= Emergency Committee for Israel =

American political advocacy organization

The Emergency Committee for Israel is a right-wing nonprofit political advocacy organization in the United States.

== Founding and organization ==
The group's board members include Weekly Standard editor William Kristol, former Republican presidential candidate Gary Bauer, and former member, conservative writer Rachel Abrams, wife of Elliott Abrams. Noah Pollak is its executive director.

Kristol said the group, created in mid-2010, was inspired by the new "liberal" J Street group, "whose ability to amplify criticism of the Israeli government showed the power of a small new group—if on the other side of the debate." Pollak said, shortly after the group's creation, that it planned to be involved in a number of congressional races. "We want to be hard-hitting; we want to get into the debate and shake things up and make some points in a firm way", he said.

== Activities ==
As it started up, the organization ran ads opposing the elections of U.S. Senate candidate Joe Sestak and U.S. House of Representatives candidates Rush D. Holt, Jr., Mary Jo Kilroy, and John F. Tierney, portraying them as "openly hostile" to Israel.
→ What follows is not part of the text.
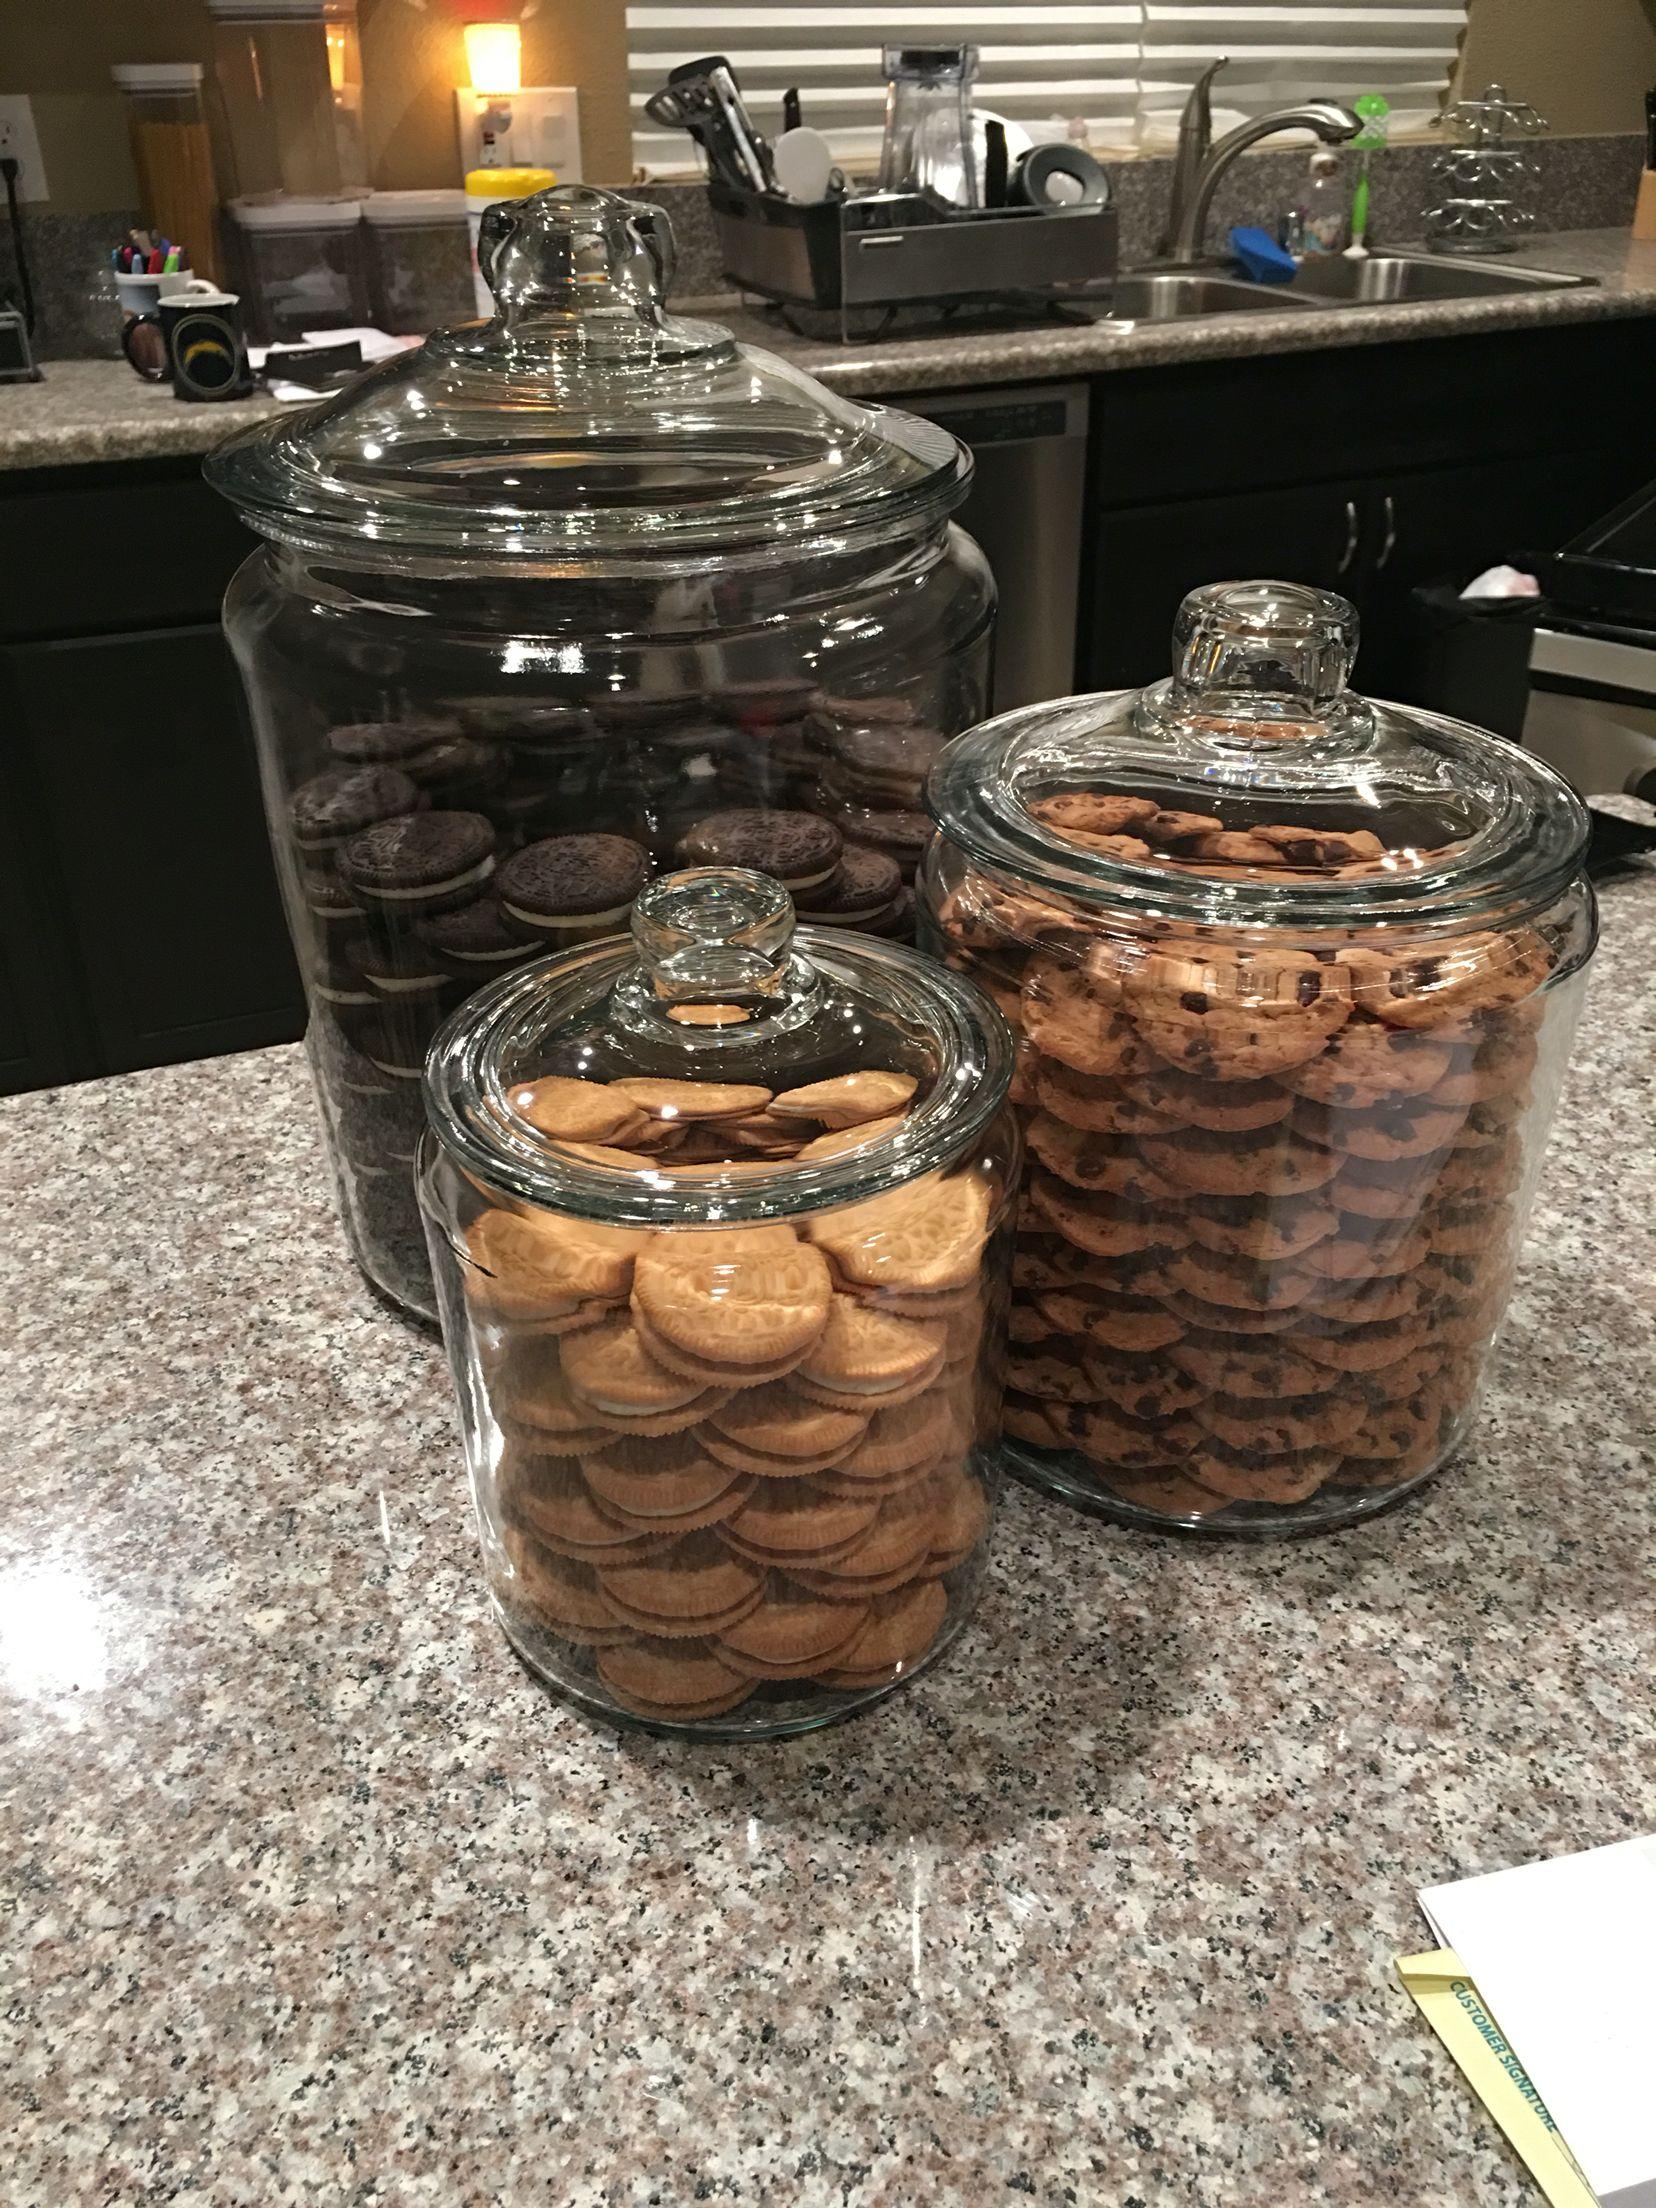 Khloe Kardashian's copy cat cookie jars

In October 2011, the committee produced a video portraying Occupy Wall Street as antisemitic. The Washington Post columnist Richard Cohen referred to the video and said he found no evidence of antisemitism during his two visits to the demonstration site.

In February 2012, the committee produced a 30-minute documentary covering President Barack Obama's record on Israel. The documentary was viewed 200,000 times in its first week.

In June 2012, the committee ran an ad encouraging the US Government to immediately put an end to Iran's nuclear program. The ad ran in New York; Washington, DC; and additional markets.

In October 2012, the group released a robo-call which combined clips of Obama from 2009 and 2011 and a clip from a speech Benjamin Netanyahu gave in 2012, in a form that appeared as if the two were having a debate. Pollak said that month that his group would release further "secret Obama–Netanyahu debate recordings".

In January 2013, the grouped launched a site opposing the nomination of Chuck Hagel as Secretary of Defense.